195,True,False,True,False,True,True,False,True,True,False,True,False,True,True,True,False,late
196,False,True,False,False,False,False,False,False,True,False,False,False,False,False,False,False,early
197,True,True,True,True,False,True,False,True,False,True,False,True,True,True,True,False,late
198,True,False,True,True,True,False,False,False,False,True,False,False,False,False,False,False,late


The recovery worked! Since we want to do another sampling round which itself should be reproducable as well, we can immediately store the recovered model in a new group of the HDF5 file.

In [17]:
recovered_model.to_hdf(
    filename=demo_hdf_file,
    name="recovered/model"
)

  value = self._g_getattr(self._v_node, name)
  value = self._g_getattr(self._v_node, name)
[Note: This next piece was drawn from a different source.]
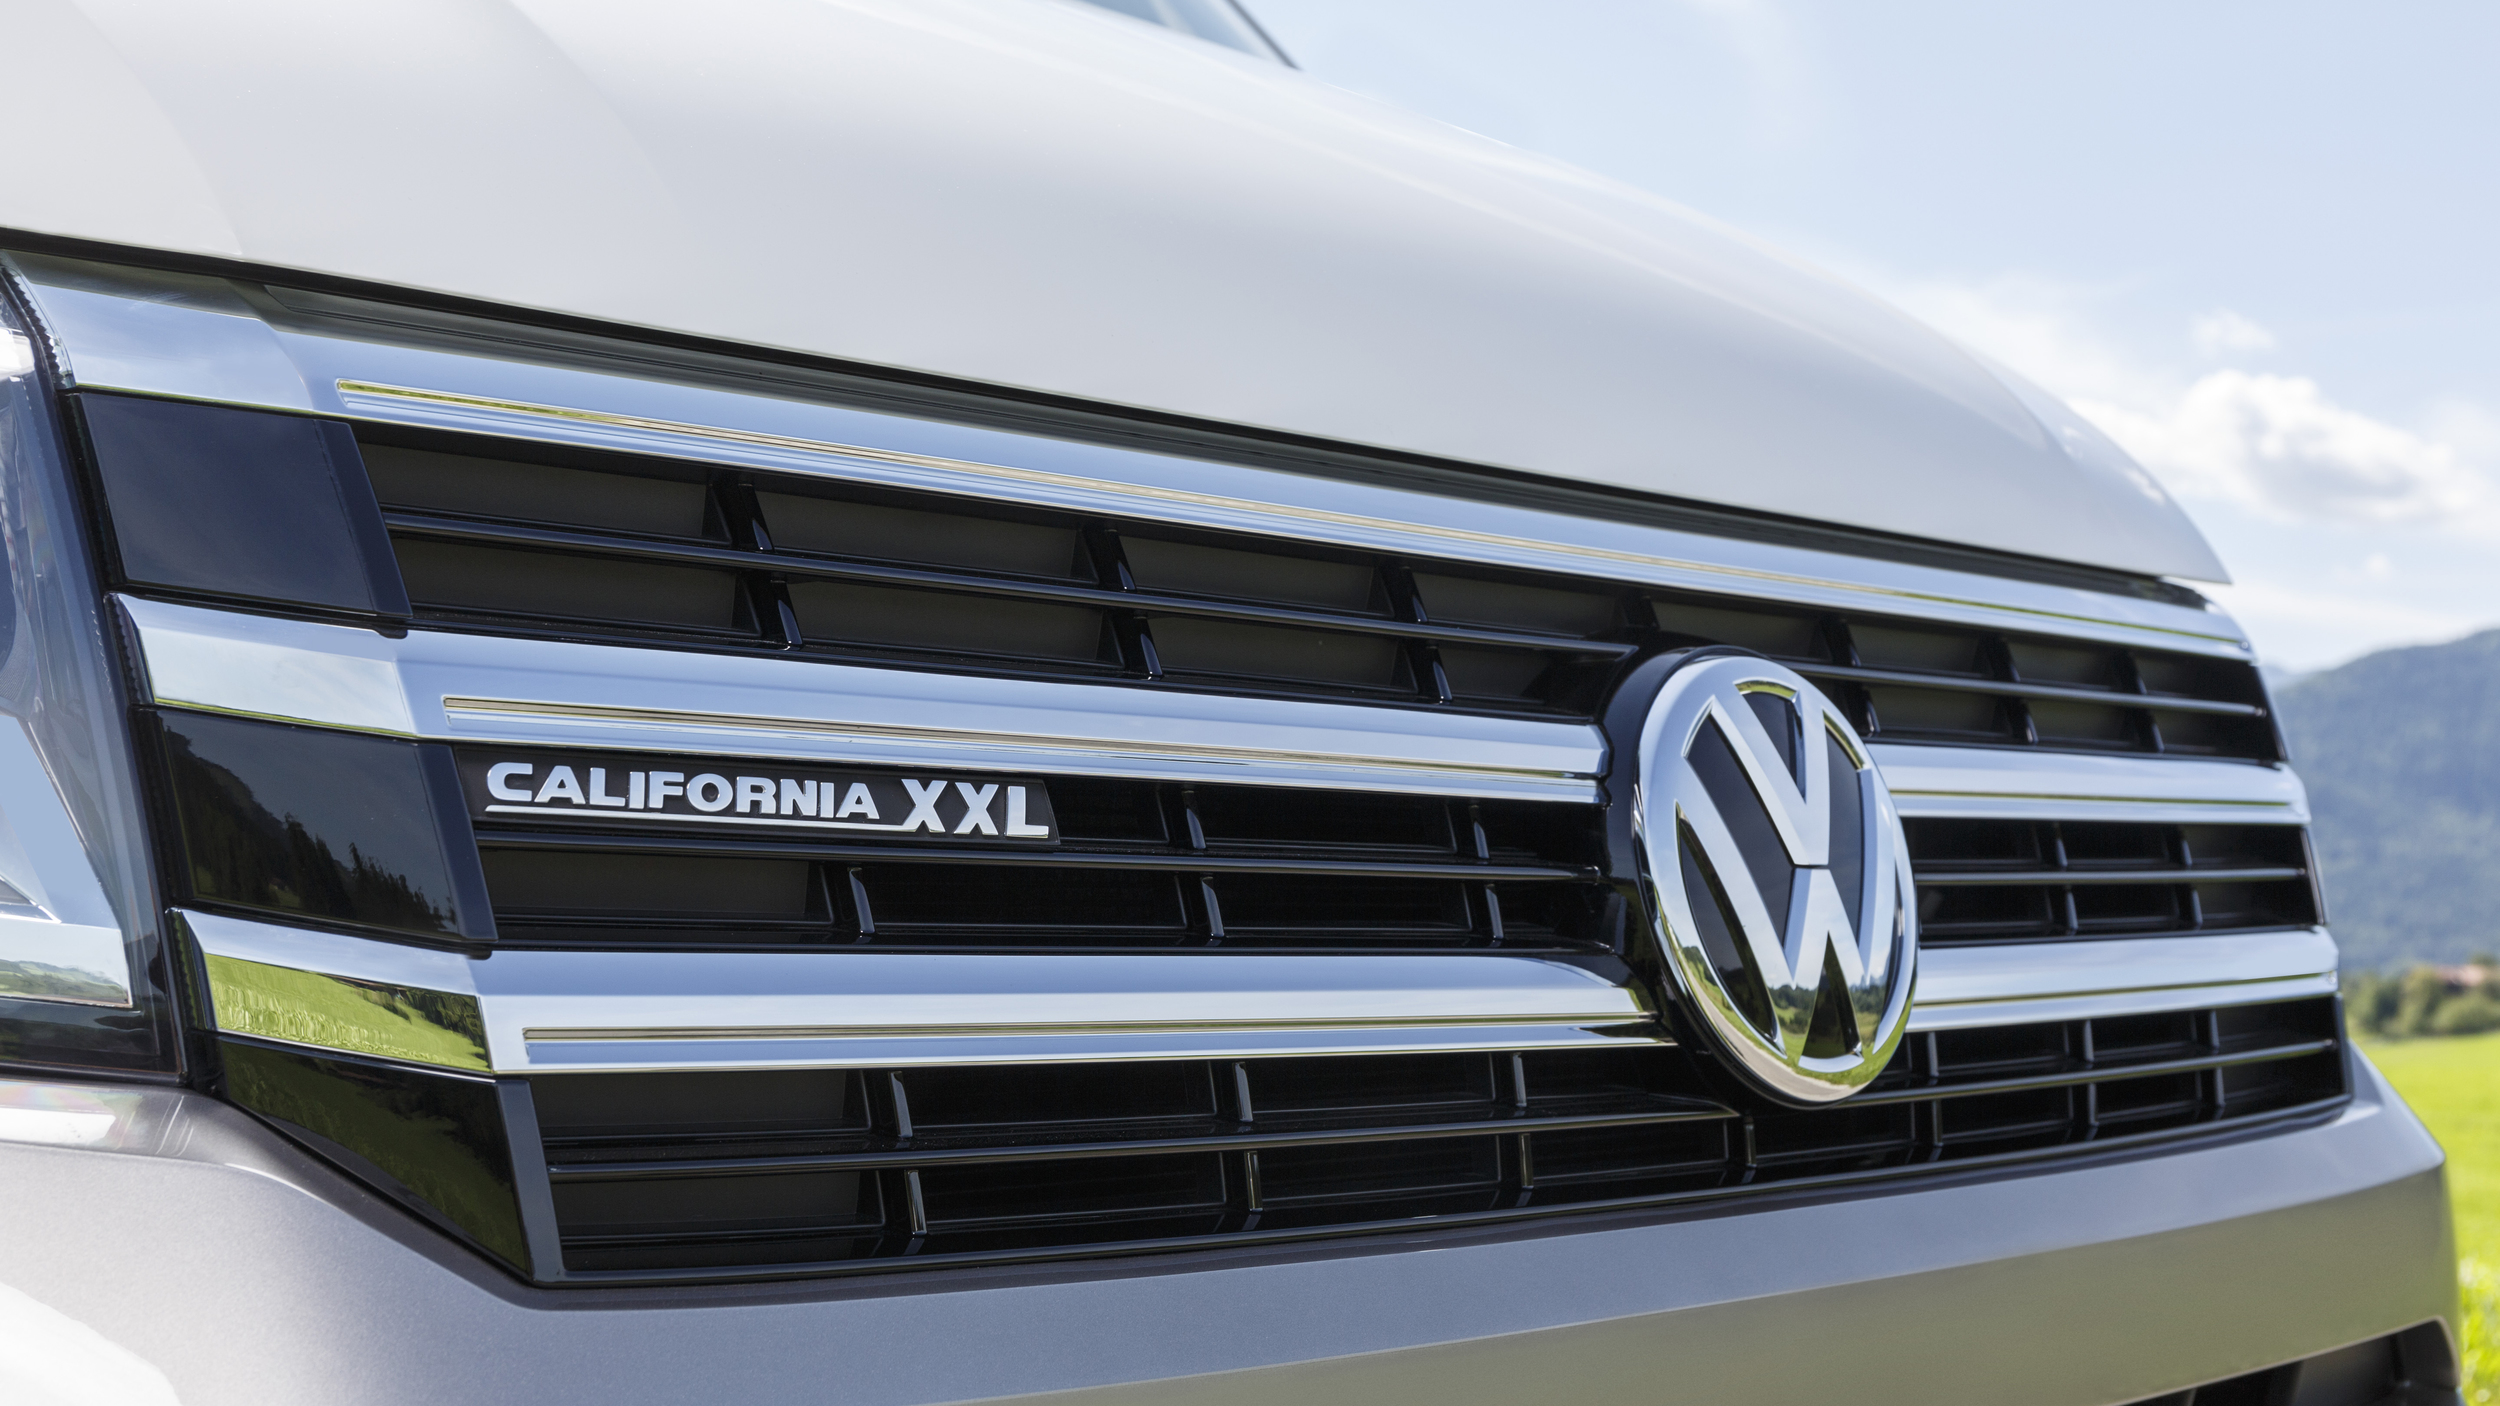 VW California XXL camper van

Now for the `EnsembleSampler`. We can recover the number of walkers and dimension from the previously stored HDF5 file. Note that I use two backends: One for retrieving the shape of the stored chain, which accesses the HDF5 group of the original sampling round. The however, I set up a new group for the second sampling round. The reason for this is that I don't want to call the `reset` method of the backend on my stored samples, thereby deleting them.

In [18]:
tmp_backend = emcee.backends.HDFBackend(
    filename=demo_hdf_file,
    name="original/samples"
)
nwalkers, ndim = tmp_backend.shape

recovered_backend = emcee.backends.HDFBackend(
    filename=demo_hdf_file,
    name="recovered/samples"
)
recovered_backend.reset(nwalkers, ndim)

with Pool() as pool:
    recovered_sampler = lymph.utils.EnsembleSampler(
        nwalkers, ndim,
        log_prob_fn, args=[recovered_model],
        pool=pool, backend=recovered_backend
    )
    acor_list = recovered_sampler.run_sampling(max_steps)

Starting sampling


100%|██████████| 200/200 [00:15<00:00, 13.22it/s]

Max. number of steps reached
Acceptance fraction = 19.78%
Mean autocorrelation time = 22.53





As you can see, it required relatively few stops to reproduce a sampling round. Just don't forget the log-probability function, as that is hard to store anywhere in an HDF5 file.

Beyond that one can of course use the [h5py](https://docs.h5py.org/en/stable/) package or `pandas`' implemented capabilities to interact with the HDF5 file format to store and retrieve even more information, like a description of what was done or what exactly the log-likelihood does.